From the Associated Press
SHANGHAI – Ten giant panda cubs will be on display at the Shanghai World Expo next year at the city’s zoos, giving tens of millions of Chinese and foreign visitors a glimpse at the highly endangered species.
The six females and four males will arrive in Shanghai in January and spend six months at the Shanghai Zoo and six months at Wild Zoo of Shanghai, said Cai Youming, deputy director of the Shanghai Forestry Bureau.
All the pandas were born at the country’s main panda research base in Sichuan province after the May 2008 earthquake that killed or left missing nearly 90,000 people, Cai said.
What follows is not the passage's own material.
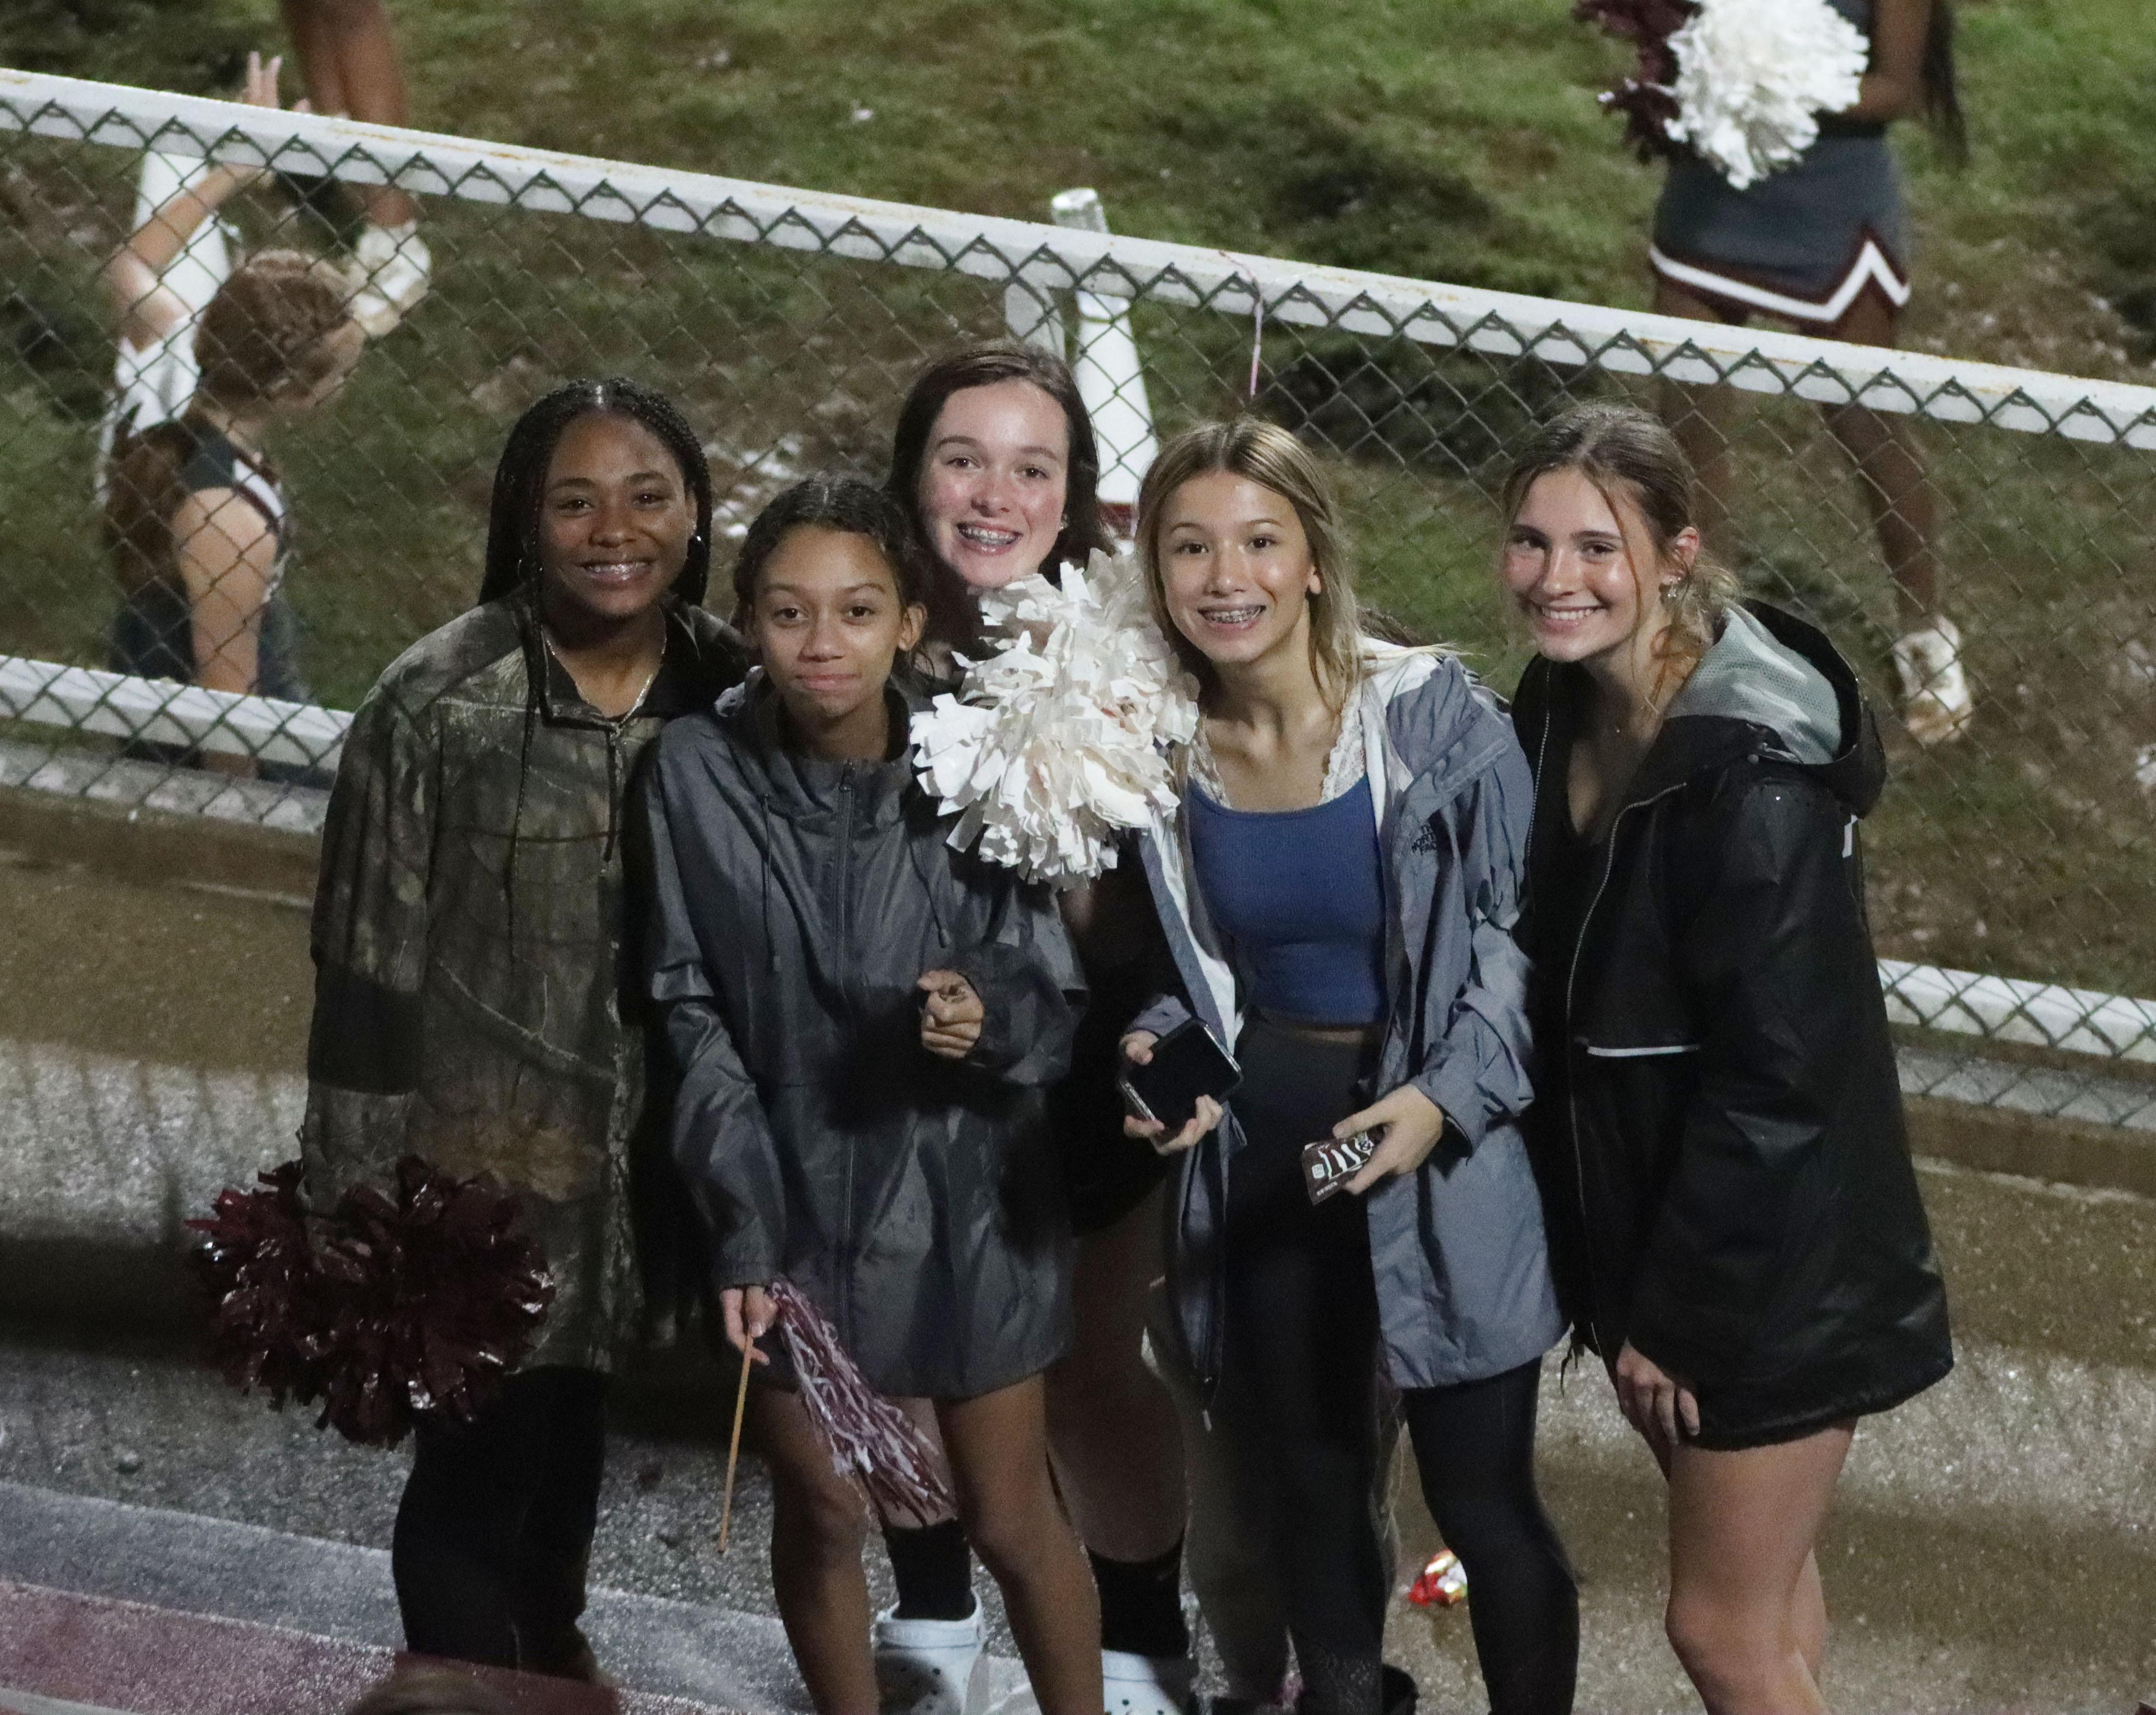 Students at jamboree game 2021

The Expo, due to begin May 1 and run for six months, is expected to draw 70 million visitors, most of them Chinese.
The Shanghai Zoo, which already has three older giant pandas, has refurbished its panda house to accommodate the new arrivals, part of a bumper crop of pandas born last year despite damage to the panda reserve and breeding center from the earthquake.
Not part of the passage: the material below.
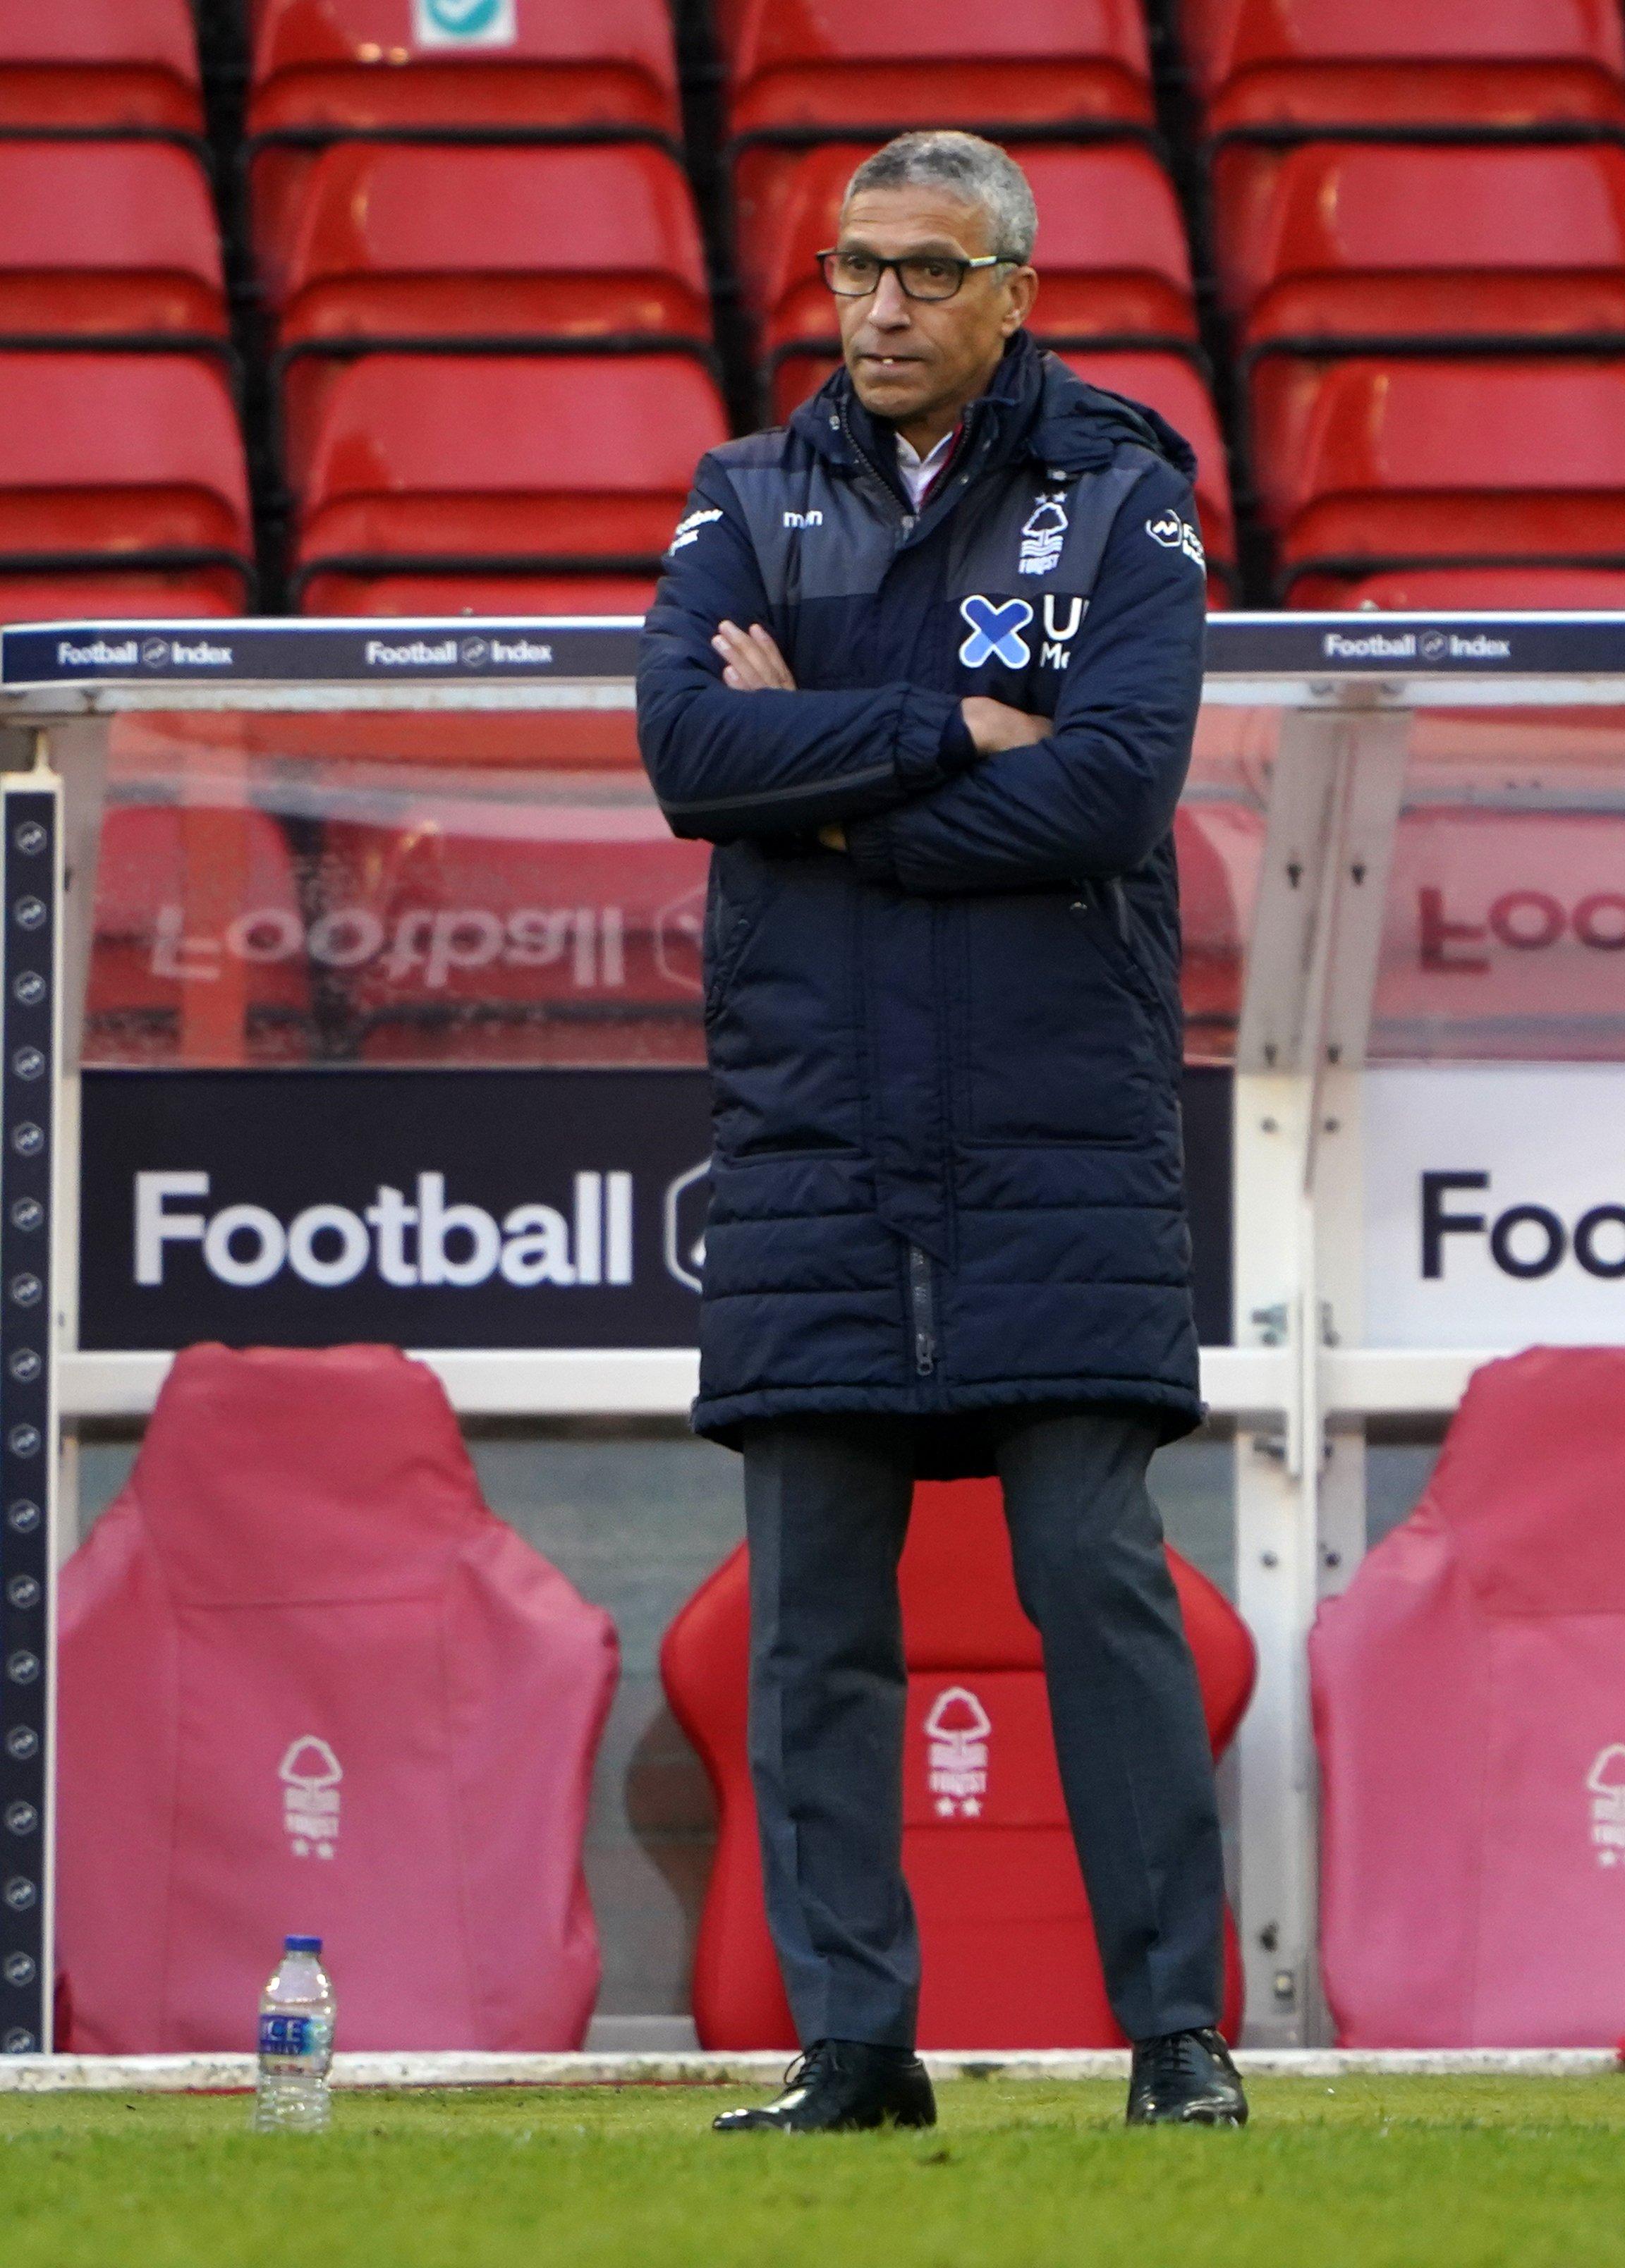 Nottingham Forest boss Chris Hughton has plenty of options at his disposal

Pandas are threatened by loss of habitat, poaching and a low reproduction rate. Females in the wild normally have a cub once every two or three years. The fertility rate of captive giant pandas is even lower.
Only about 1,600 pandas live in the wild, mostly in China’s southwestern Sichuan province. An additional 120 pandas are in Chinese breeding facilities and zoos, and about 20 live in zoos outside China.